Proximity-based sharing just makes significantly more sense than uploading files to some server miles away, then immediately redownloading them back when the computer was two feet away from you the whole time.

mkotowski · 2 years ago
Maybe LocalSend? https://localsend.org/

Windows, Linux, Android, iOS and macOS. Seems quite cross-platform. Can confirm it works smoothly for Linux and Android at the very least.

XorNot · 2 years ago
Pairdrop was posted on HN a little while back and I setup an instance on my home network. Doesn't work everywhere obviously but it does seem to effectively solve this problem within my household.

https://github.com/schlagmichdoch/PairDrop

NotPractical · 2 years ago
Syncthing tries to send over the LAN if it's available, and only uses Internet relay servers if it can't establish LAN connectivity. This is why it's (usually) blazing fast. Not sure why the OP thinks this is a misuse of the tool. In fact, it's probably one of the intended purposes of it.
akshayt · 2 years ago
Nearby share maybe. It is being merged with quick share from samsung.
Yodel0914 · 2 years ago
Yep, syncthing is the closest I've found to a simple(ish) cross platform solution. Though when at home, my actual solution is to copy to my file server on one device, then copy from the server on the other.
aspyct · 2 years ago
I regularly have to send files to customers, from a few megabytes to a few gigs. It's incredibly hard.

Mail? Goes to spam.

WeTransfer? Mail clients break URL.

Download from my website? Some stupid browser will display the zip data onscreen.

Send the link through messenger? Messenger breaks the link.

SaaS gallery? Some file managers can't open the zip file.

I've been doing that for two years now. Still don't have a 100% working solution. It drives me mad. Just yesterday I spent 30 minutes sending 3 jpeg files to a customer.

mjevans · 2 years ago
Most webservers have a way of adding a header# Content-disposition "attachment; filename=$1"; that forces downloads. Nginx at least guesses based on file extension / mime type.

# https://stackoverflow.com/questions/9054354/how-to-force-fil...

# https://stackoverflow.com/questions/37131398/how-to-configur...

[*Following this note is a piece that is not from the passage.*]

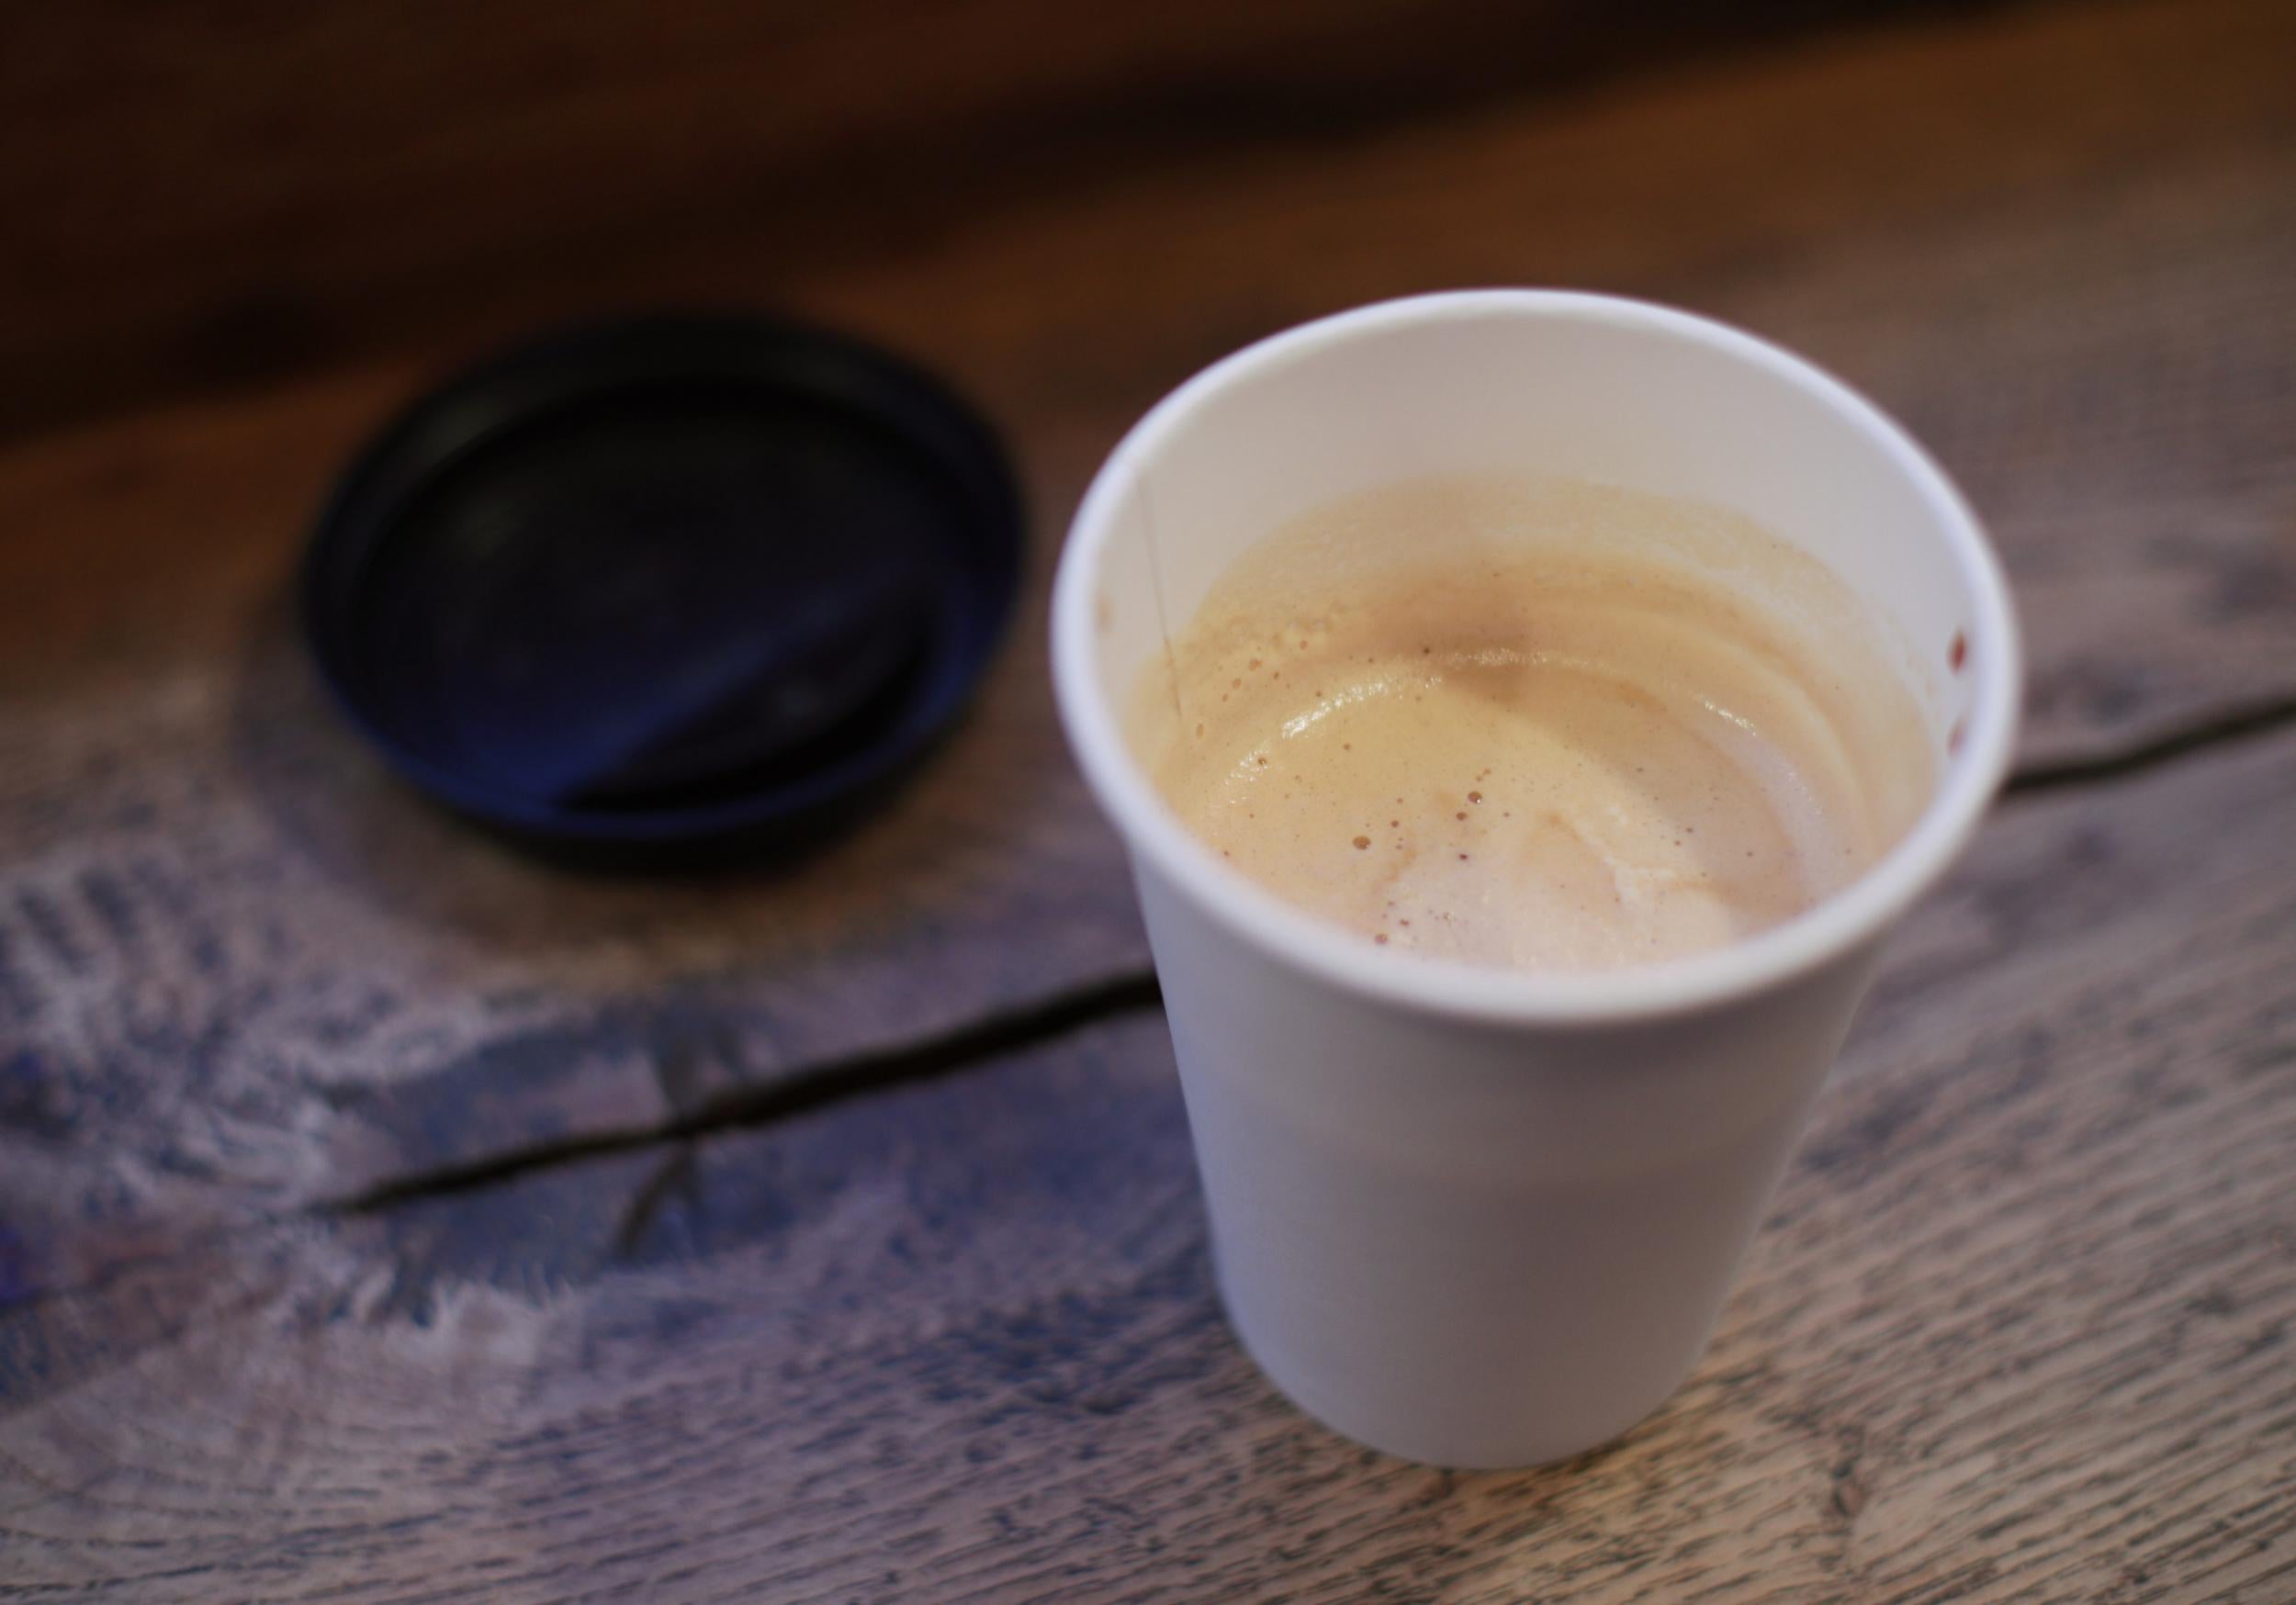 Latte Levy on disposable plastic lined coffee cups looks doomed for now

FYI - I've also recently run across end users who are likely victims of overzealous IT departments that disable Basic Auth, even on HTTPS connections. Even though they don't do anything to form fields which might contain the exact same data. I don't mind if they break their own domains but the whole Internet?

aspyct · 2 years ago
I have that header. Yet some personal iOS device decided to ignore it on safari. Don't know how, don't know why. Computers being computers.
shiroiushi · 2 years ago
>Download from my website? Some stupid browser will display the zip data onscreen.

Are your customers using IE6 or something? Customers like that should be fired.

zinekeller · 2 years ago
Oh no, I've seen Chrome and Firefox (with a well-conforming web server) loading zip files as if they're pages. The culprit? Intercepting HTTPS-breaking inspection. This is not just in enterprise environments, antivirus companies somehow even justified "HTTPS scanning" as a feature.
deely3 · 2 years ago
> Are your customers using IE6 or something? Customers like that should be fired.

Looks like your company don't want millions of profit?

genewitch · 2 years ago
in the mid 90s i worked in a machine shop that had a side business where they had catalogs. They were trying to send .TIFF files over 14.4 or 28.8 modems. TIFF files over 10MB, so no floppy (easily.) No CD-R, Jazz/zip.

These days in the same circumstance as you (and they) had, i'd fedex them a USB stick, or optical disc, depending. Because the first time someone said "the web page you linked is just displaying garbage" i'd turn in my tech credentials, because that's probably my server's fault, not the browser. MIME has been a thing for three decades, at least. it sounds like someone tried to use a static html daemon to share a zip file, and it assumes everything is ascii. like it's 19xx and zmodem hasn't been invented yet.

Filligree · 2 years ago
As was pointed out in a cousin comment, it's not necessarily the browser or the webserver configuration.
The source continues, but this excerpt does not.